As a young man, he joined the Navy and went through boot camp in San Diego. His daughters live in California. And more recently, he has been involved with the La Jolla Institute for Allergy and Immunology.
Nonetheless, with a few exceptions, higher ed mega-donors are either alumni of the recipient school and/or have provided a consistent track record of smaller gifts preceding “the big one.” Given Wertheim’s extensive philanthropic footprint in Florida and the way in which he became acquainted with UC San Diego, his gift is somewhat of an outlier in terms of how mega-donors typically operate.

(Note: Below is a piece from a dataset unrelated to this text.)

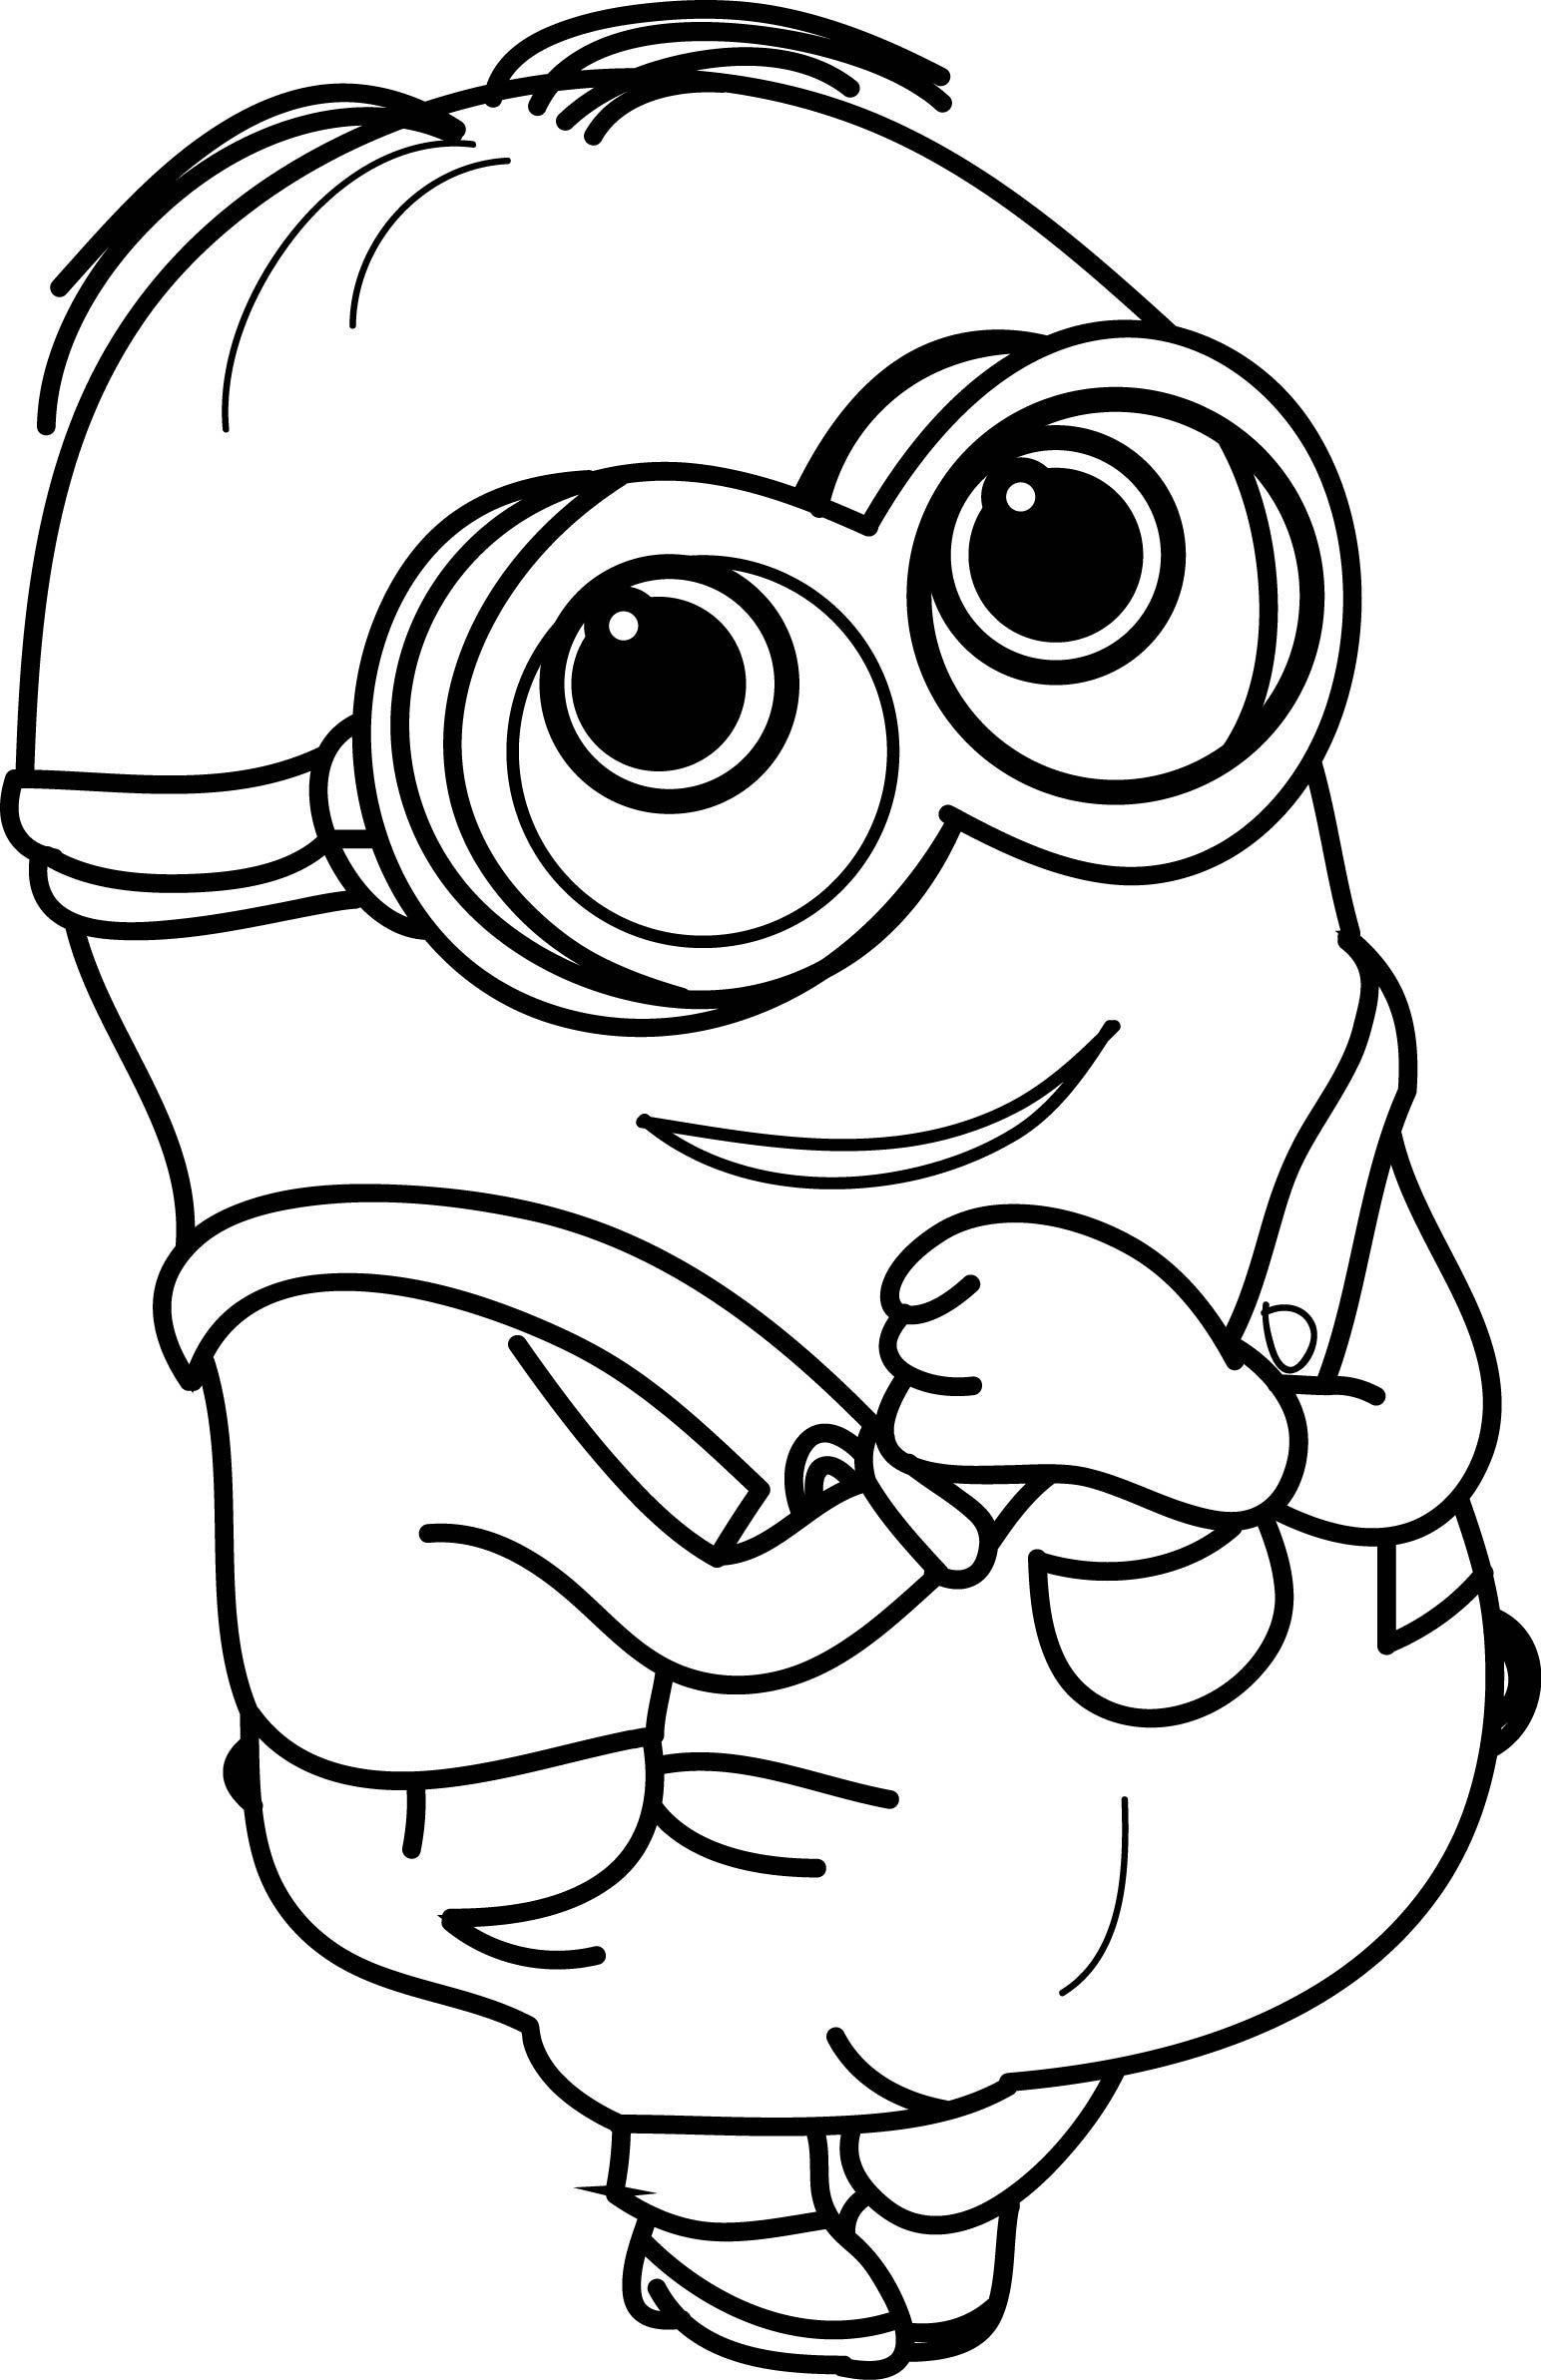 coloring pictures of minions minion very cute coloring page minion coloring pages pictures minions coloring of

Wertheim’s gift came a few months after Andrew J. Viterbi, the Italian-born American electrical engineer, businessman, and Qualcomm co-founder, gave UC San Diego $50 million to advance research, education and eye care.
The Money Rolls In
Add it all up, and the university is firing on all cylinders in its $2 billion fundraising campaign, the Campaign for San Diego. The campaign’s honorary chairs will be familiar to loyal Inside Philanthropy readers. They are Joan K. and Irwin M. Jacobs, Ernest S. Rady, and T. Denny Sanford, who recently made a $30 million donation to the San Diego Zoo.
At the time of this writing, the school has raised a little over $1.7 billion from approximately 121,000 donors.
The campaign is yet another example of public universities raising mountains of cash in an era of flagging support from state legislatures.
In fact, earlier this year, UC regents, faculty, staff, and alumni lobbied for more state funding to avert a proposed 2.5 percent tuition increase. Their efforts worked. State lawmakers subsequently approved $117.5 million more than what Governor Jerry Brown initially proposed in January.
In July, UC regents approved the system’s first tuition decrease in nearly 20 years.